**WHAT TO WORK ON:** Set down exact lines only, from the line with "High-performance logistics Karanja to Daman" through the last line of the material below, with every picture left out.

**DATASET EXCERPT:**

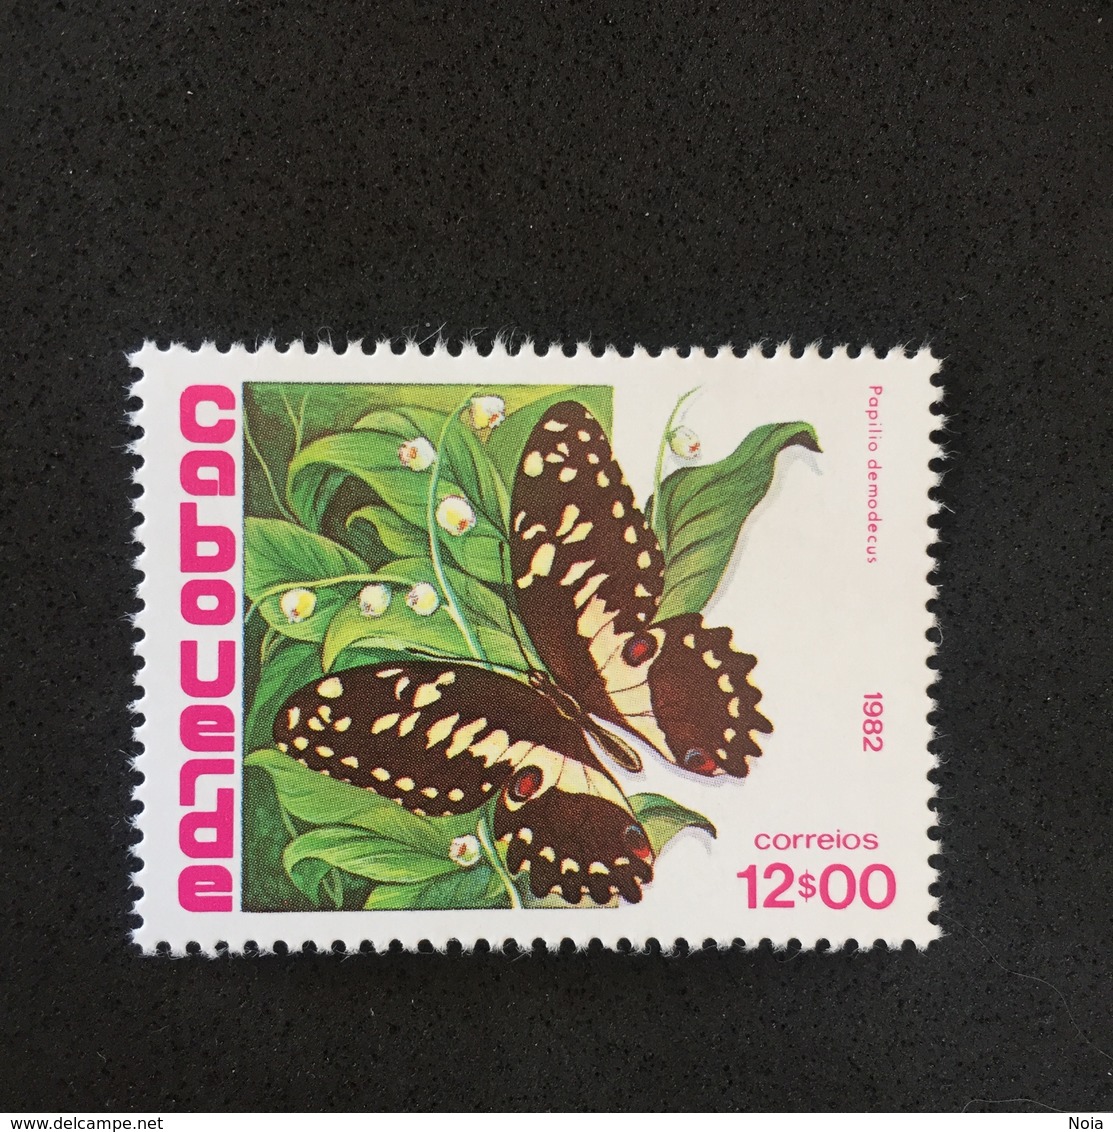 COBOUERDE. BUTTERFLY. 1982. MNH. C4004E - Butterflies
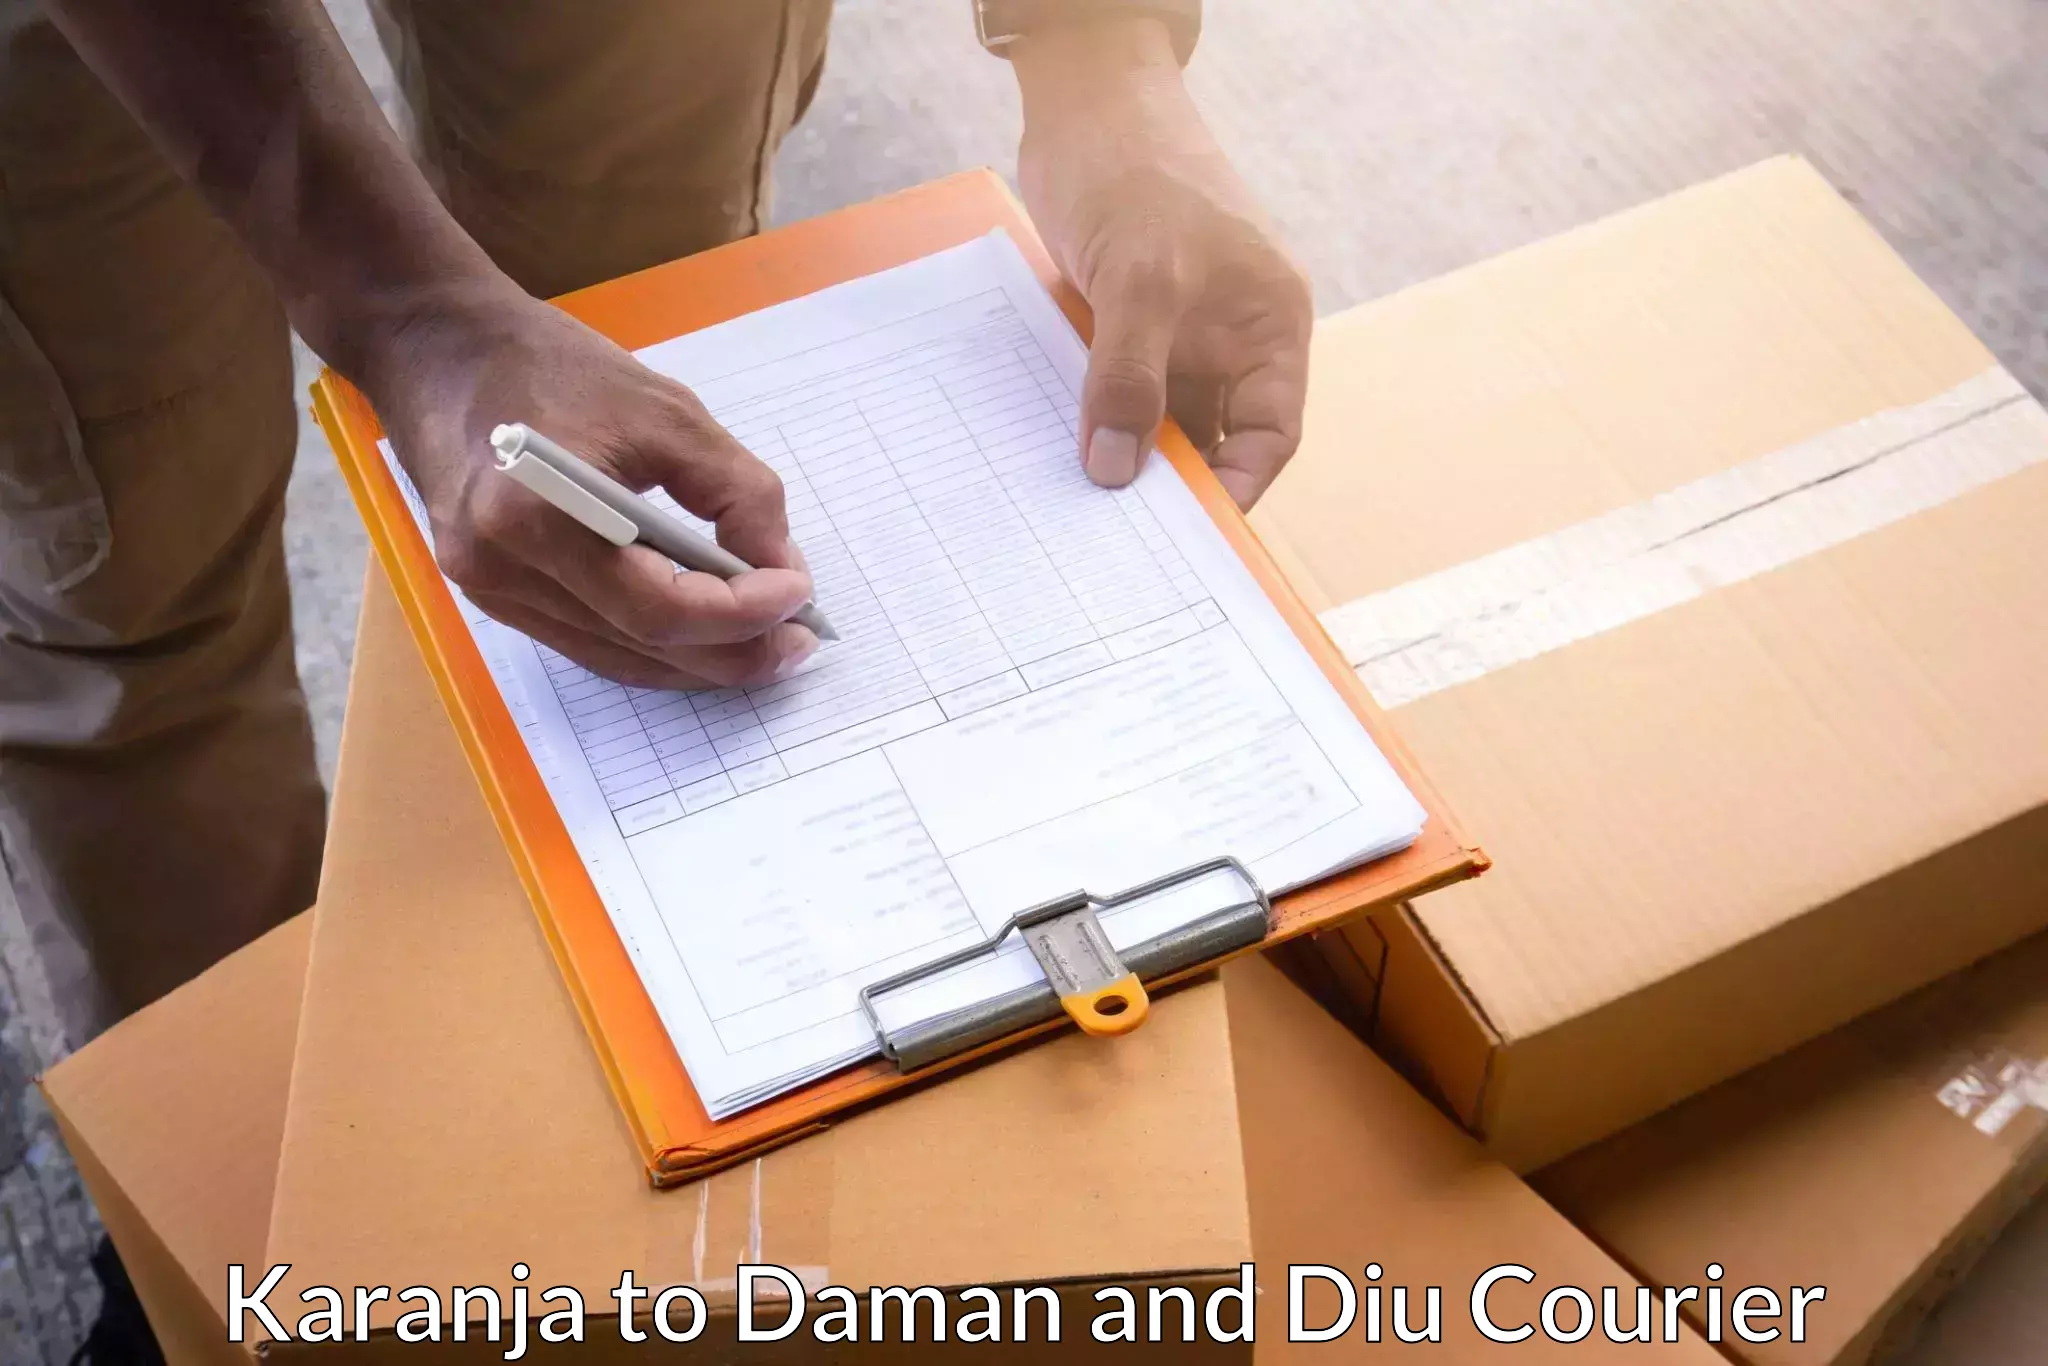 High-performance logistics Karanja to Daman
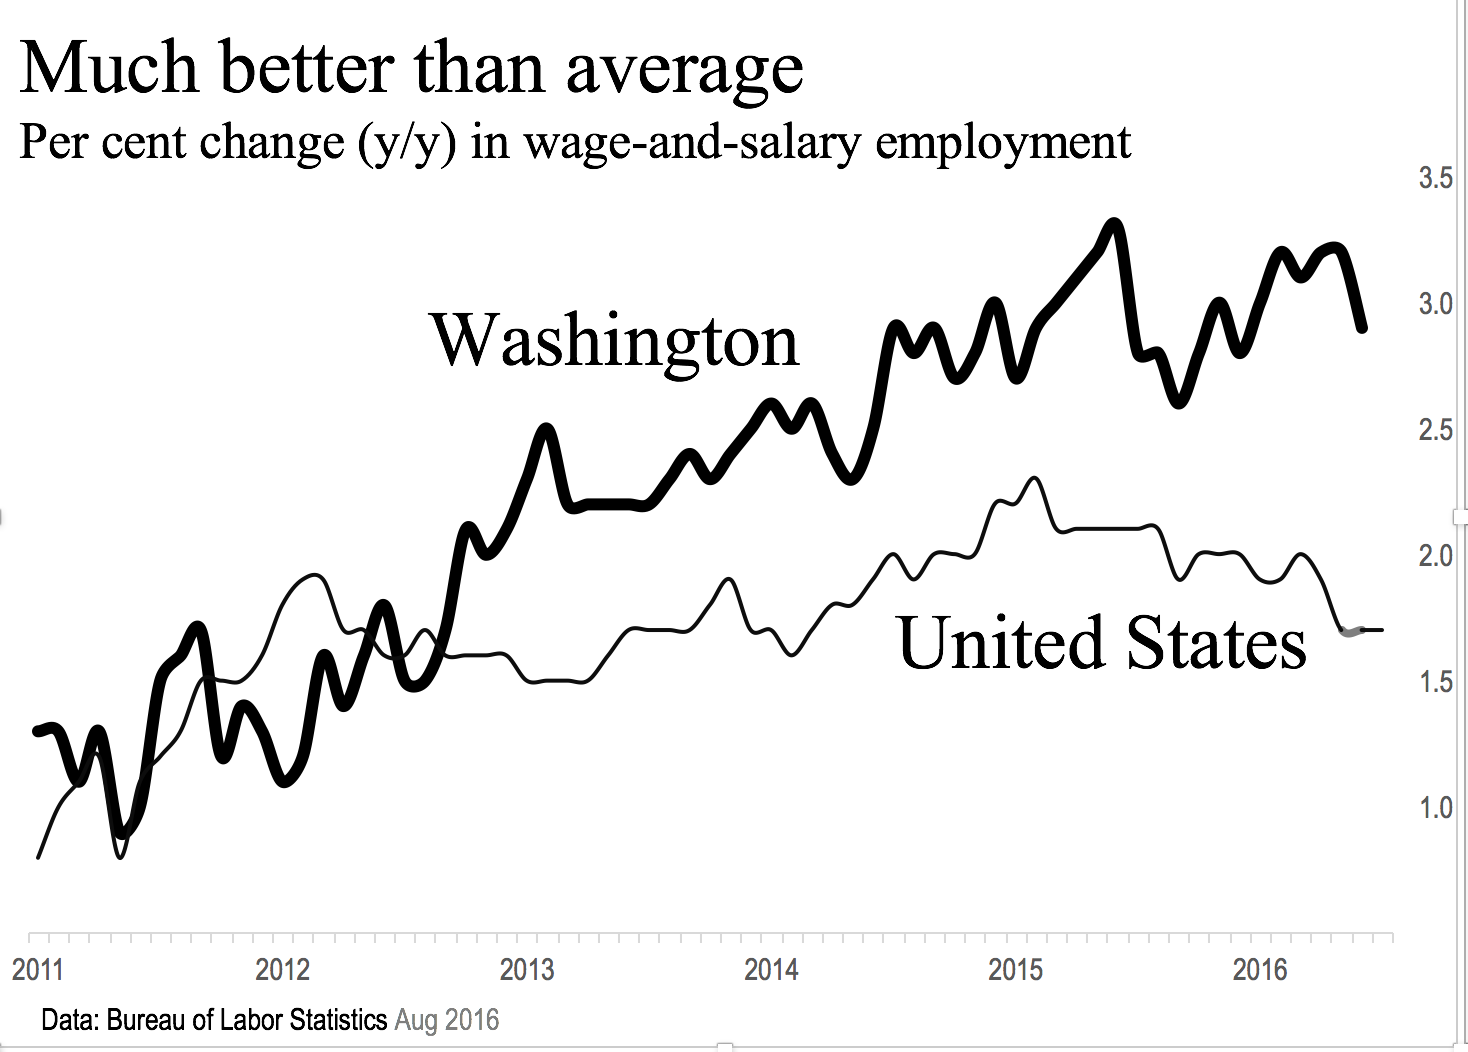 WA employment above average
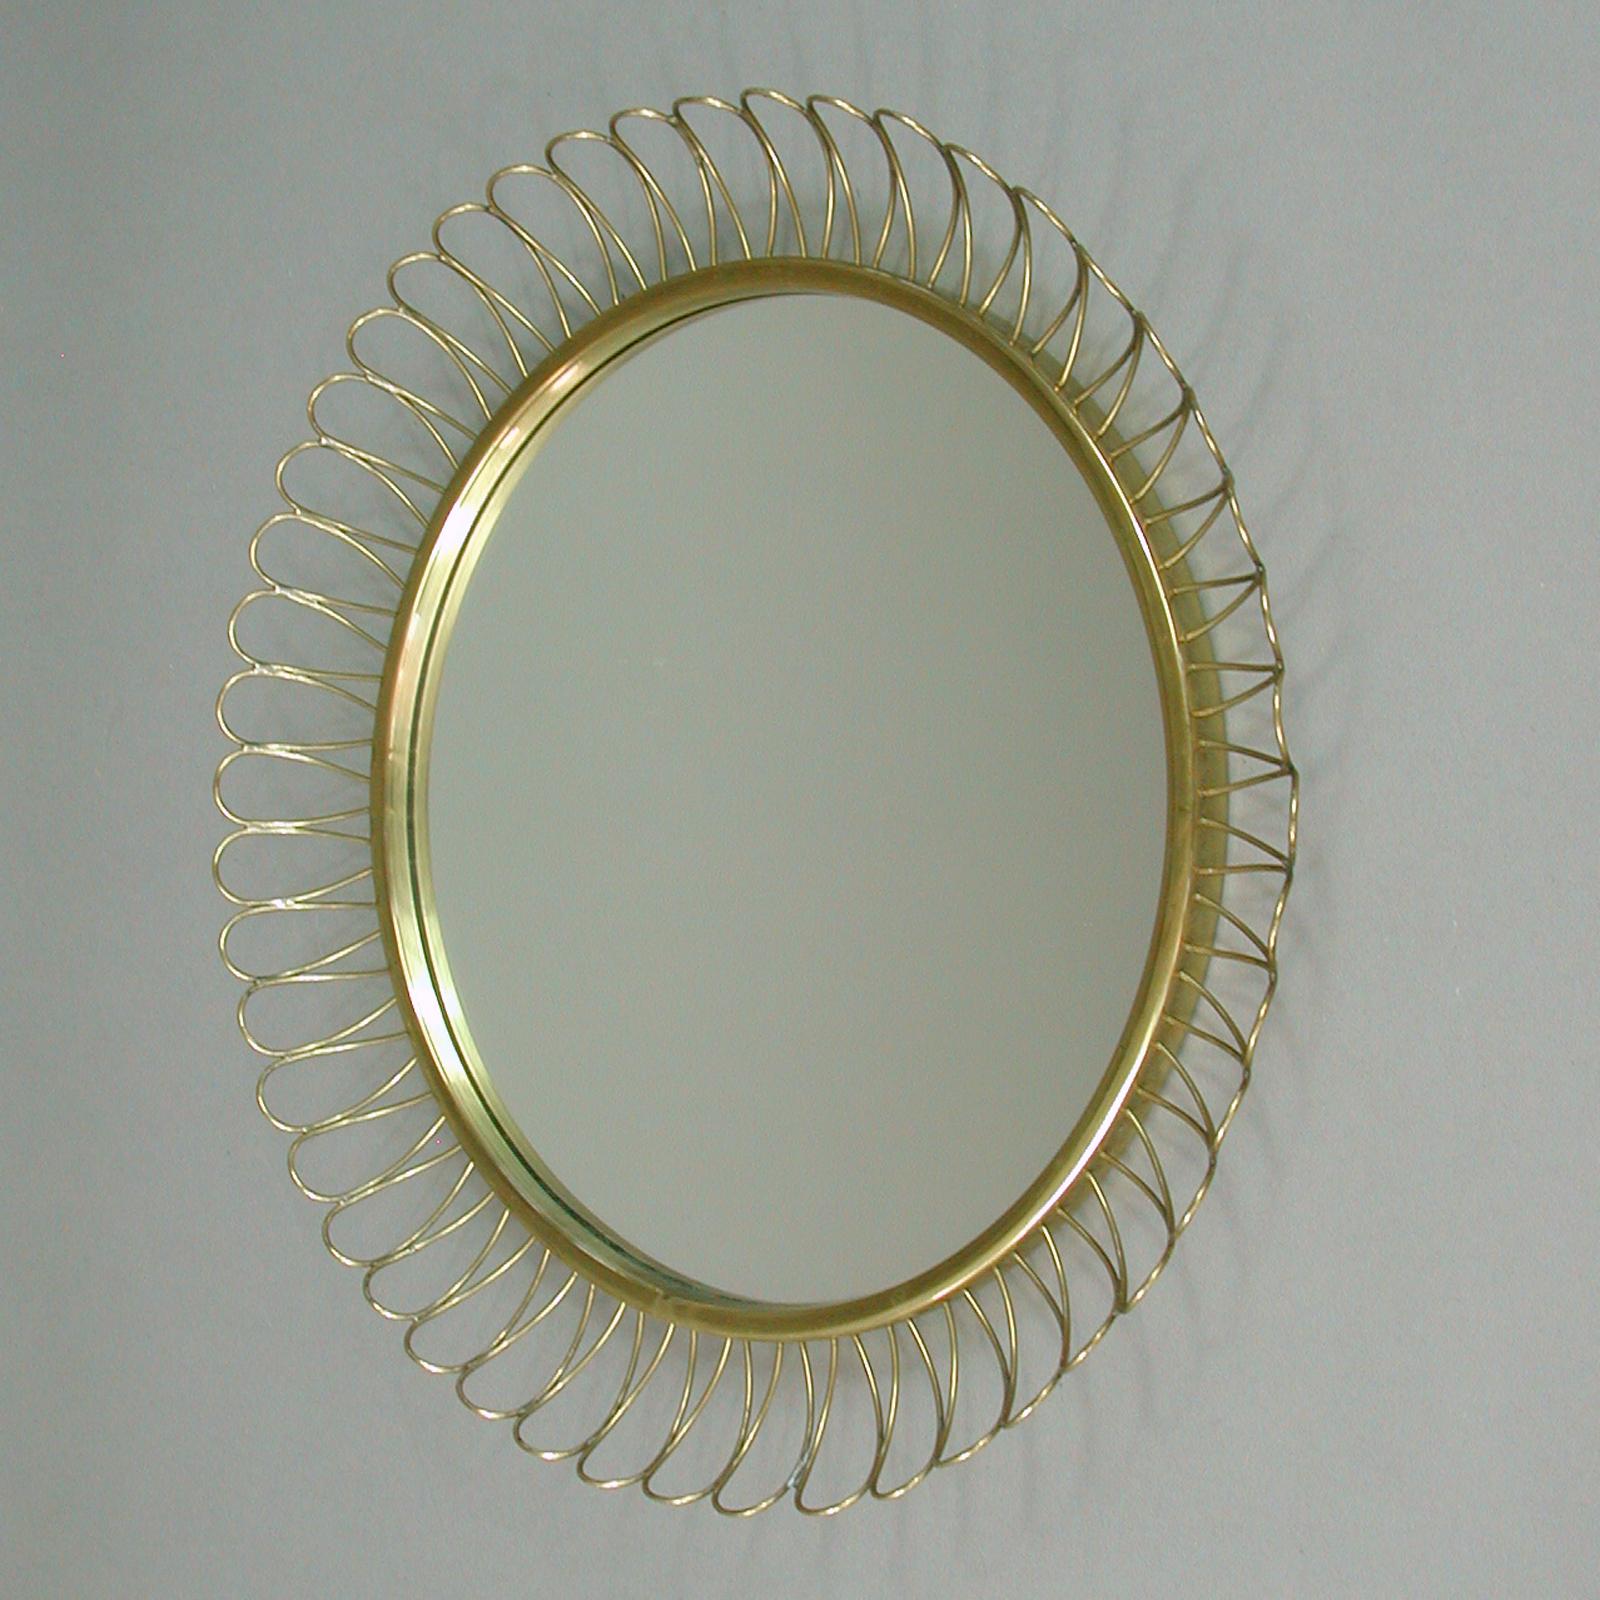 Swedish Midcentury Sculptural Round Brass Wall Mirror, Sweden, 1950s For Sale

**OUTPUT FOR THIS EXERCISE:**
 High-performance logistics Karanja to Daman
 WA employment above average
 Swedish Midcentury Sculptural Round Brass Wall Mirror, Sweden, 1950s For Sale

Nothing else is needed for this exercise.